Danke DANKE, PEeeze brotherz 'n siterz!


----------



## JohannesR (11. September 2003)

MediaStudioDeluxe.de?


----------



## Smoove (12. September 2003)

Jo klingt nicht schlecht, ich meinte aber dass der Domainname nur in die Richtung der Wörter, die ich eben vorgeschlagen habe, gehen soll.

Ihr könnt auch was komplett anderes ausdenken, hautsache es klingt geil, nicht so 0815 Dinge.

Also be creativ pleeeze, danke 1000x Leute


----------



## JohannesR (12. September 2003)

Also, IMHO, kann man aus diesen Worten keinen "geile" Domainnamen zusammensetzen, einfach weil *jede zweite Seite* so heisst. Wenn Du ne wirklich gute Domain haben willst sei kreativ und such Dir einen ungewöhnlichen und einprägsamen Namen dafür. Bleib bloß weg von diesem Kiddiescheiss.


----------



## Erpel (12. September 2003)

evooms.de - ist mir grade so eingefallen.(der gag kommt rüber oder?)
edit: ist sogar noch frei


----------



## RonneldMcDonald (12. September 2003)

Hi Smoove,
also wenn ich mir was geiles einfallen lasse, bin ich es meistens auch gleichzeitig - und das hat dann garantiert nix mit der Denic zu tun ...  
nur mal eben so bemerkt ... und nun mal im Ernst ...  

Ohne hier den Onkel Doktor Nielsen raushängen zu lassen, denke ich, dass Du einen Fehler machen würdest, wenn Du Dich gleich als Erstes im Anfang Deiner Webseitenbaubegeisterung um einen "geilen" Domainnamen Gedanken machst bzw. machen lässt und hinterher krampfhaft versuchst, um diesen Namen herum deine Site zu entwerfen.
Du solltest Dir vorher Gedanken über deine Zielgruppe, den Inhalt und das Layout machen, bevor Du dann all diese Komponenten mit einem schlagfertigen und einprägsamen Domainnamen verbal und visuell (DomainLogo) auf einen Nenner bringst. Nichts ist schlimmer, um einen Domainnamen herum eine funktionierende und zum Namen passende Webseite zu erstellen, glaub mir ...
Davon abgesehen zeugt es nicht gerade von Kreativgeist sich hier von "uns" einen Domainhit zusammen komponieren zu lassen - ausserdem hast Du dich schon auf diese _stylishen gigageilen motherfuckingmarkigen slangs wie Style, Crew, Deluxe, Recordz usw._ eingeschossen ...
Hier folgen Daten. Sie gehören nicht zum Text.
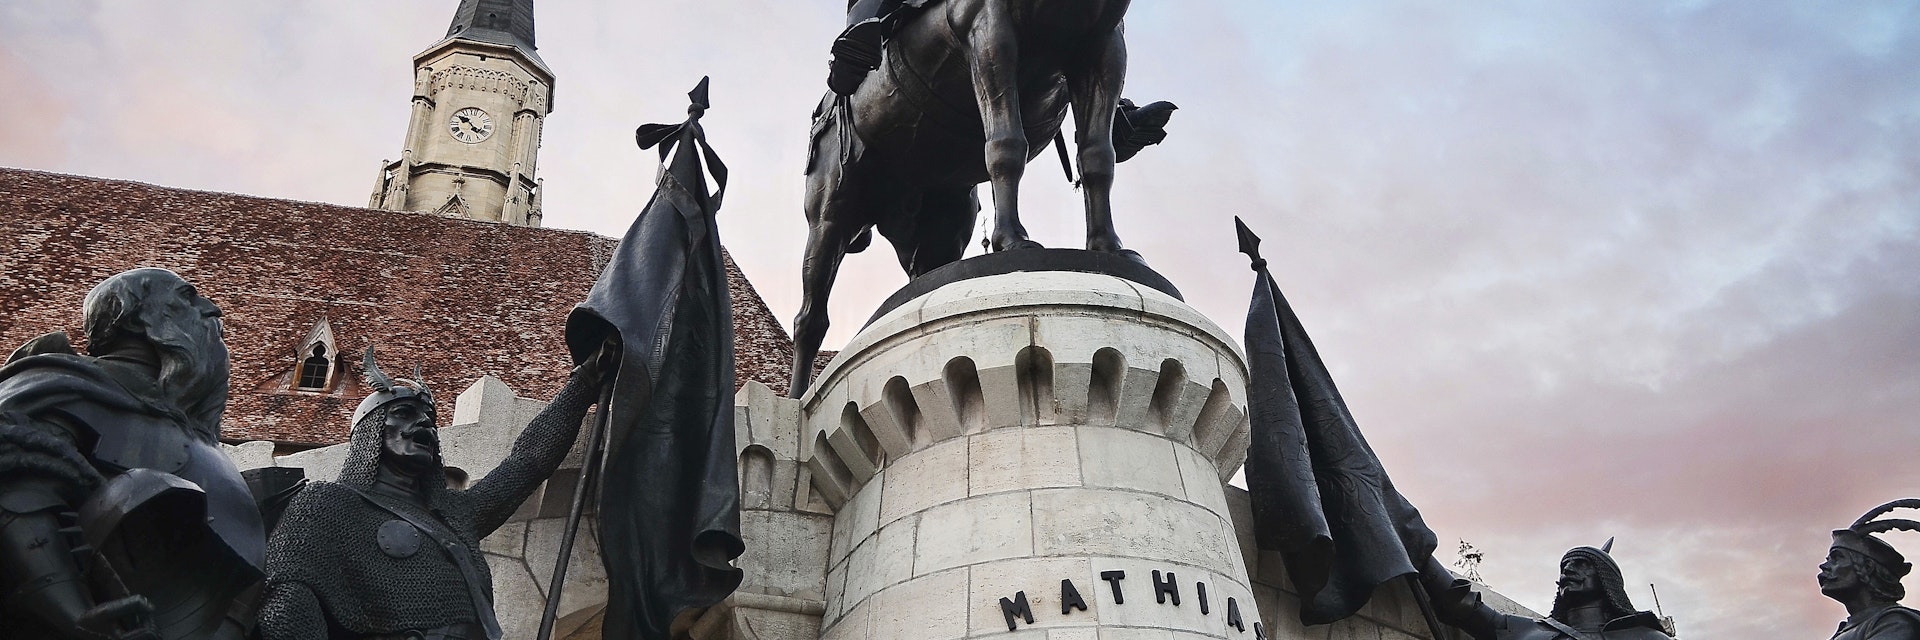 Mathias Rex statue

Also denn shakit domainhit yourself baby ;-)


----------



## Smoove (12. September 2003)

Hi RonneldMcDonald,

also der Witz war nicht schlecht hehe  
Dein Argument hat schon was, doch du hast schon Recht.

Das Problem ist folgendes, ein Kumpel will unbedingt sich eine Domain mit meinem Account registrieren lassen und das bis heute. Da wollte ich gleich noch eine 2. hinterheranmelden verstehst du.... 

Ich seh schon, das ist die falsche Community für sowas hehe, also trotzdem Danke für eure ehrlichen Kommentare, man sieht sich


----------



## RonneldMcDonald (13. September 2003)

Hi ...


> Ich seh schon, das ist die falsche Community für sowas  ...


... willst Du damit sagen, dass es sich hier um einen Riesterrenten-Treffpunkt von debilen alterschwachen BTX-Senioren handelt ...? ;-)
Also bittte ... ;-) 

Ron


----------



## JohannesR (13. September 2003)

> _Original geschrieben von RonneldMcDonald _
> *Hi ...
> ... willst Du damit sagen, dass es sich hier um einen Riesterrenten-Treffpunkt von debilen alterschwachen BTX-Senioren handelt ...? ;-)*



Recht hat er!


----------



## Smoove (14. September 2003)

Naja, das nicht gerade ^^
...aber schon allein diese "Nettiquette" zeigt schon, wie die Leute hier so drauf sind. 

Und das ist nicht so mein Style, ich bin eher so lässig und easy drauf. Hier wird man gleich angemacht, wenn man paar Rechtschreibfehler macht und der ganze andere Shit, u now what I'm saying?   

Da ist mir meine RnB HipHop Community viel korrekter!
Aber natürlich gibt es auch hier serh hilfsbereite Leute, wie ihr z.B.
Danke nochmals, peace


----------



## Thomas Lindner (14. September 2003)

@ Smoove:

Weißt Du was da hilft gegen:



> Ich seh schon, das ist die falsche Community für sowas hehe, also trotzdem Danke für eure ehrlichen Kommentare, man sieht sich



Einfach nicht wiederkommen! Und ich bin "der Letzte" der sich weigern würde deinen Acount in die ewigen Jagdgründe zu bringen, wenn es so grausaum für Dich hier ist! ( Da wäre mir doch dein sehnlichster Wunsch wie ein Befehl! )

Das musste ich jetzt mal loswerden! Und sehe ich wieder einen solchen Kommentar, dann drücke ich das Knöpchen!


----------